Abstract 1491: Immune resistance emerges from tumor-initiating stem cells

The remarkable capacity of the long-lived stem cells-like population to self-renew, initiate and propagate a tumor placed these cancer stem cells (CSC) at the root of tumorigenesis. Many unique molecular features of stem cells endow these key population with specialized properties to drive tumor formation. However, in order to achieve these functions, the neoplastic stem cells must first overcome the immune barrier. Although it has long been postulated that, as the core of a tumor, CSCs must be superior at evading the immune detection, direct evidence is still lacking to demonstrate this stem cell trait. Another important feature of CSCs is that these cells are programed to resist traditional cancer treatments, including chemotherapy and radiation.
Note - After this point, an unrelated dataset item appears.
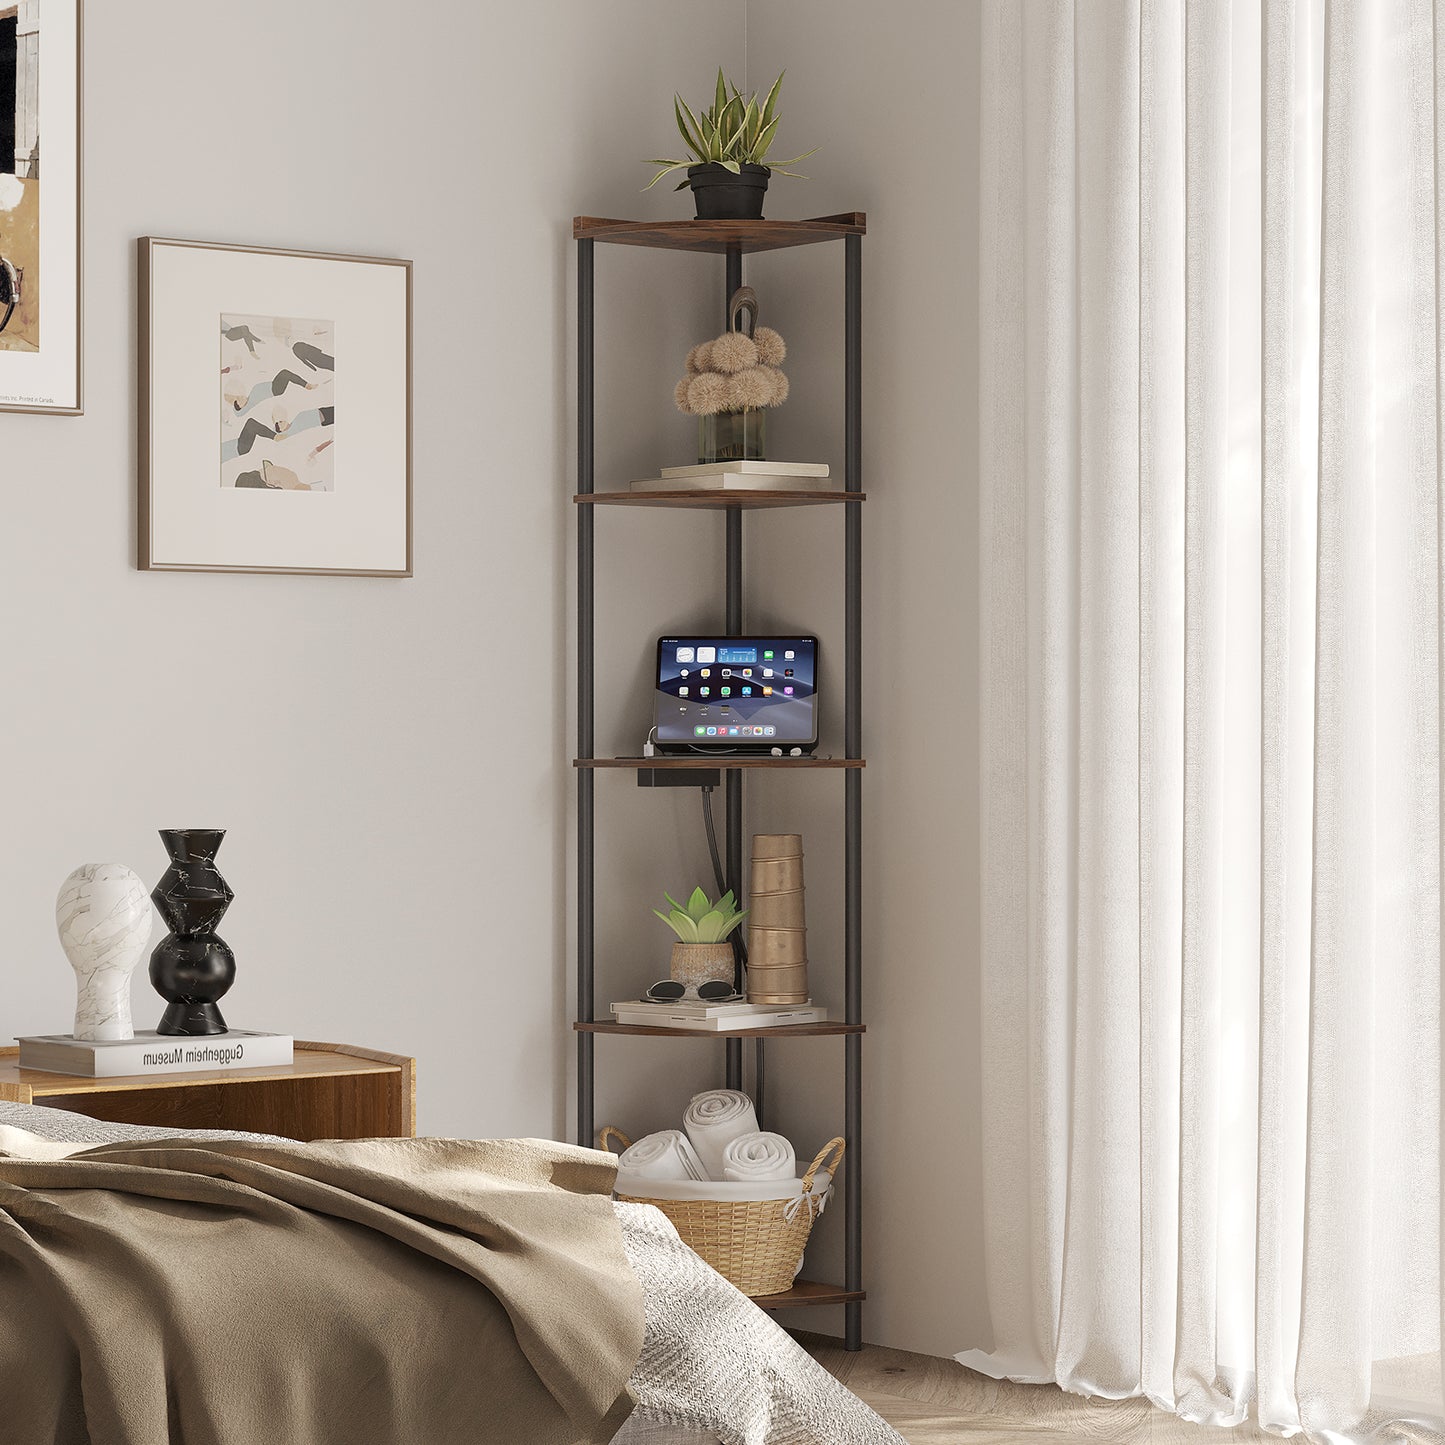 SUNMORY 5 Tier Corner Shelf Stand With 2 USB Ports & 2 Power Outlet,65" Tall Corner Shelves Display Rack for Living Room Decor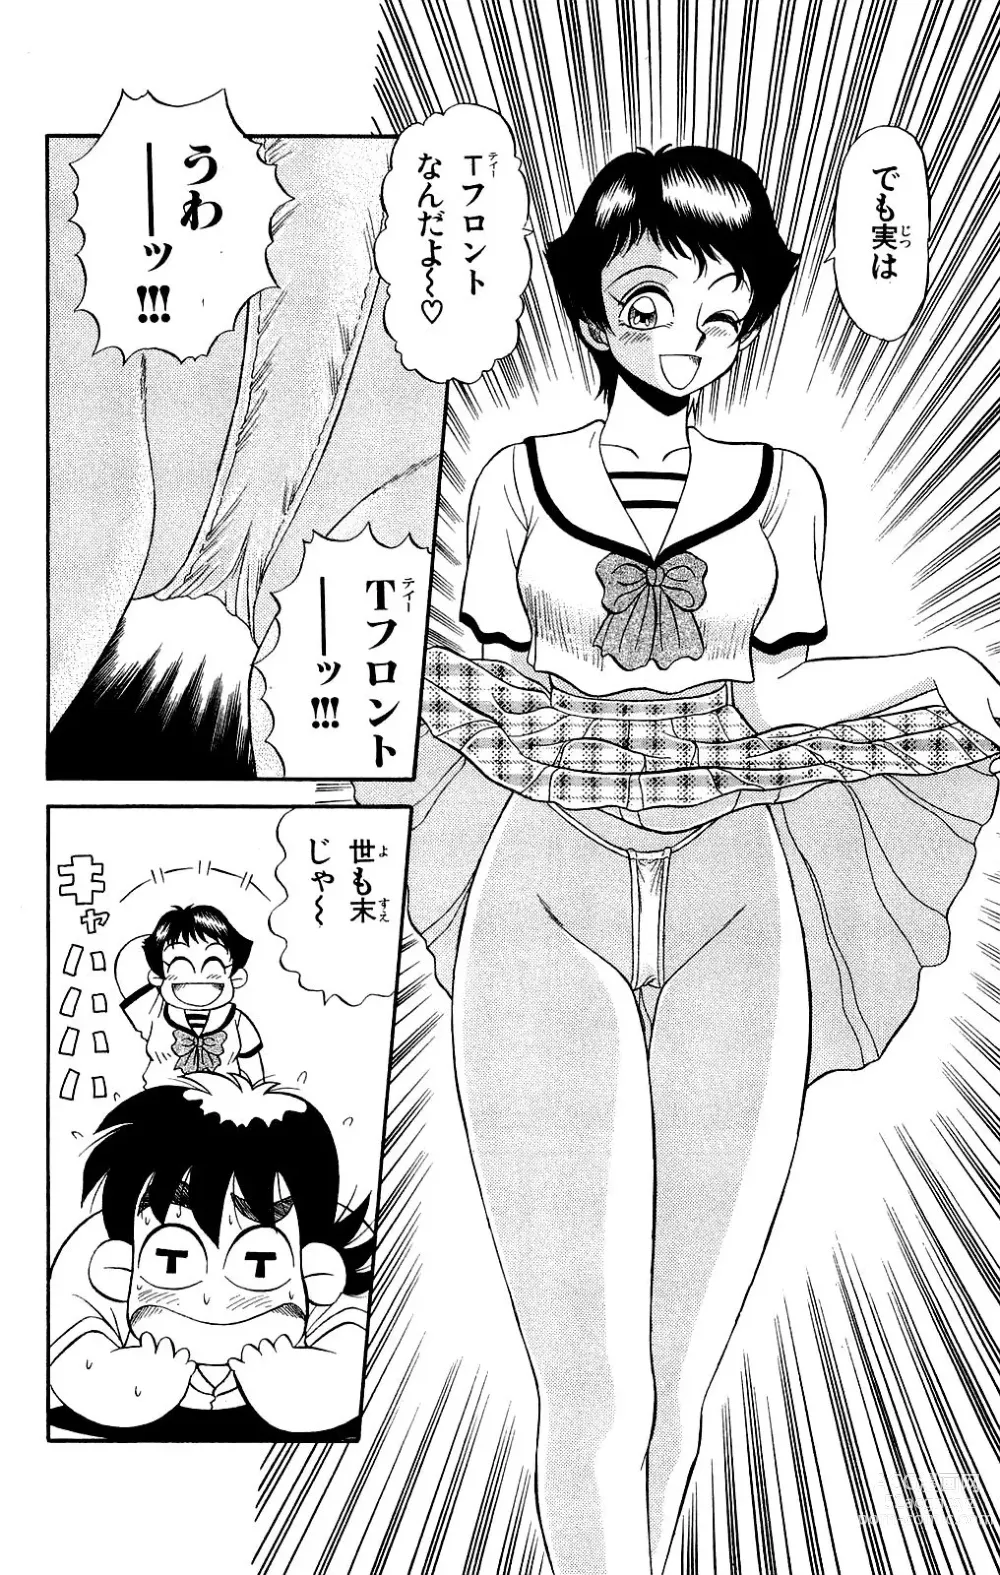 Page 18 of manga Orette Piyoritan Vol. 2

Yet, it is still unexplored how CSCs react to the immunotherapy, which just start to revolutionize the cancer treatments. In order to address these fascinating questions, we have designed a spontaneous skin squamous cell carcinoma (SCC) mouse model that can be effectively targeted by adoptive cell transfer (ACT)-based immunotherapy, without losing the targeted tumor antigen. Employing this model, we have lineage traced the fate of tumor-initiating stem cells during and after ACT treatment. In this study, we will present data demonstrating that a subset of TGFβ-responding CSCs, residing at the tumor-stromal interface, are always able to survive from the injected CD8+ T cell treatment and give rise to the relapsed tumor. Furthermore, the extensive profiling of ACT surviving stem cells revealed that multiple immune resistant pathways are highly up-regulated in these stem cells. In addition, TGFβ appears to orchestrate these immune resistant processes in the tumor-initiating stem cells. This study highlights CSCs as the core to mediate immune evasion. Citation Format: Yuxuan Miao. Immune resistance emerges from tumor-initiating stem cells [abstract]. In: Proceedings of the American Association for Cancer Research Annual Meeting 2019; 2019 Mar 29-Apr 3; Atlanta, GA. Philadelphia (PA): AACR; Cancer Res 2019;79(13 Suppl):Abstract nr 1491.